Yes, always. That had been recognized and the General Staff thought, ‘We need a man like him.’ Yes, that’s how it happened. I have never thought that I would suddenly be in the General Staff. Writing the reports were out of interest and for my colleagues.

You came from the practical side and in the General Staff there were old men, men of the 1st World War, generals, colonels who didn’t properly understand the new instruments and tactics of modern air warfare.

One evening Goering told me about this flight in the dark trying to fly over France, Belgium to find a place in the dark and when they heard what kind of instruments we have they were absolutely baffled. Of course they couldn’t develop regulations. They needed a man who had practical experiences but was also able to put these to paper and from that develop regulations. I had to write my own regulations for the night hunt.

There is obviously a massive difference between a Focker by-plane, a Focker try-plane and a bomber and a Focker wolf 190.

(No answer because going back to the time when he was seconded to the General Staff).

I would like to ask about the Junkers 86 – which you flew on trial. It must have been a terrifying experience because the aeroplane clearly was not ready for operational flying. But in all your descriptions of operational combat flying you seemed to have had a cool head. Did you find flying nerve wrecking? Or were you always pretty calm?

I have to say that before flying, when you did your preparations and navigations and so on, one felt apprehensive. And you went down to the airfield – to Schiphol in Holland, for example, and then of course I had a strange feeling. It was unknown what it was going to be like and what would come out of it. But when I was in my plane then I was all right.

You were concentrating so hard on flying that you didn’t have time to be scared?

It was all settled. I felt very secure.

And confident in your own ability, confident in your experience as a pilot?

Yes, once I was in my cockpit. And then we would take off one after the other and then we went over the Channel.

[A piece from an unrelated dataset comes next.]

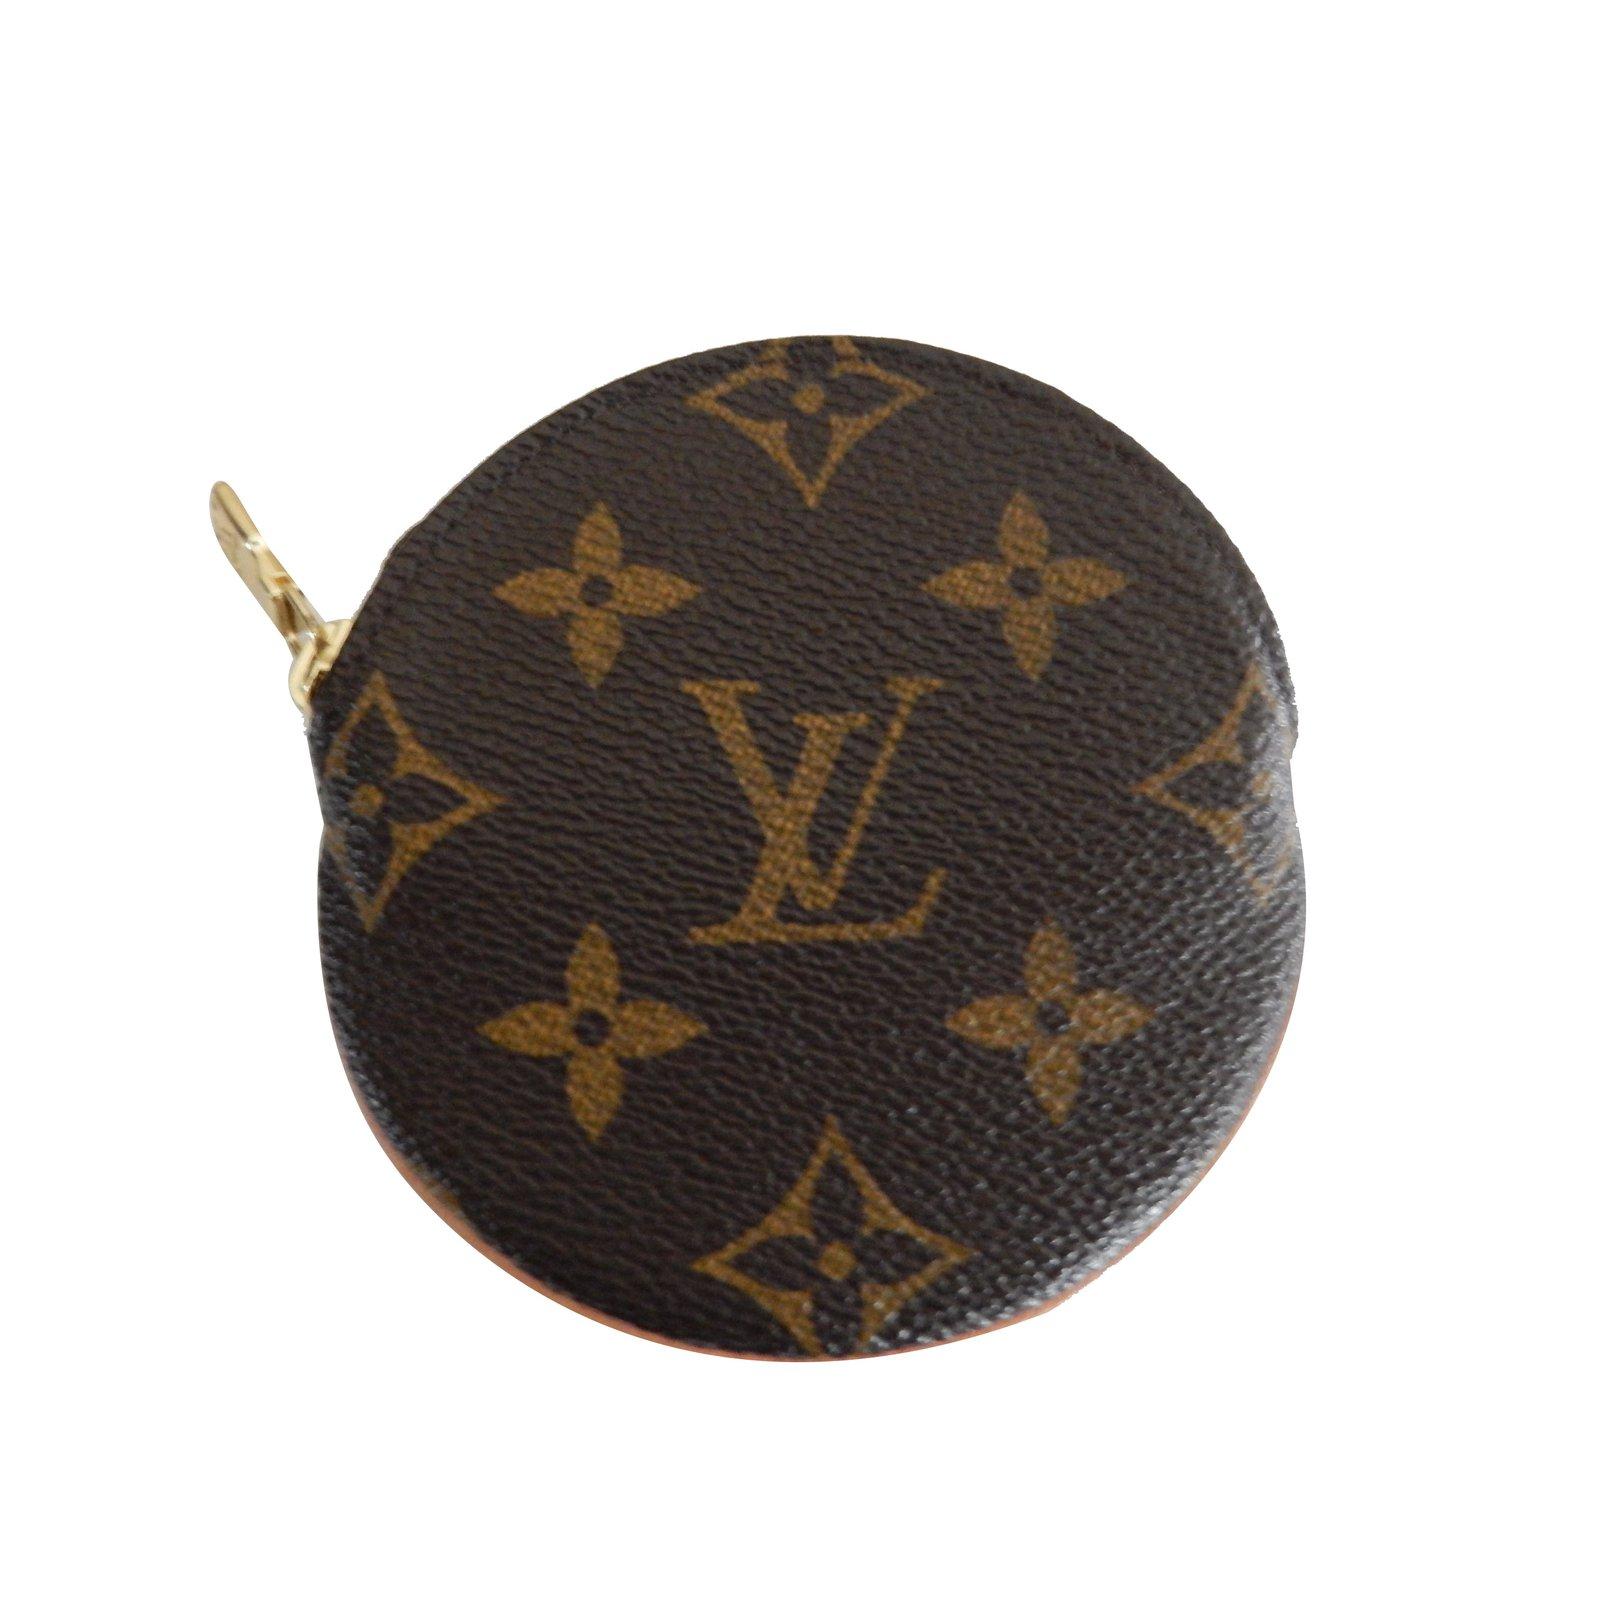 f6260f88ee7 Petite maroquinerie Louis Vuitton Porte monnaie rond Toile Marron ref.24522

I just know that talking to Allied bomber pilots or reading memoirs of them they found every mission, a lot of them, harder and harder to do. To fly over Germany, to have flak, to have night fighters after you. It is scary, terrifying. But you flew many, many more missions than any Allied bomber pilot and I wondered how you managed it, maintained it, how you did it? It is amazing bravery. Or don’t you see it that way?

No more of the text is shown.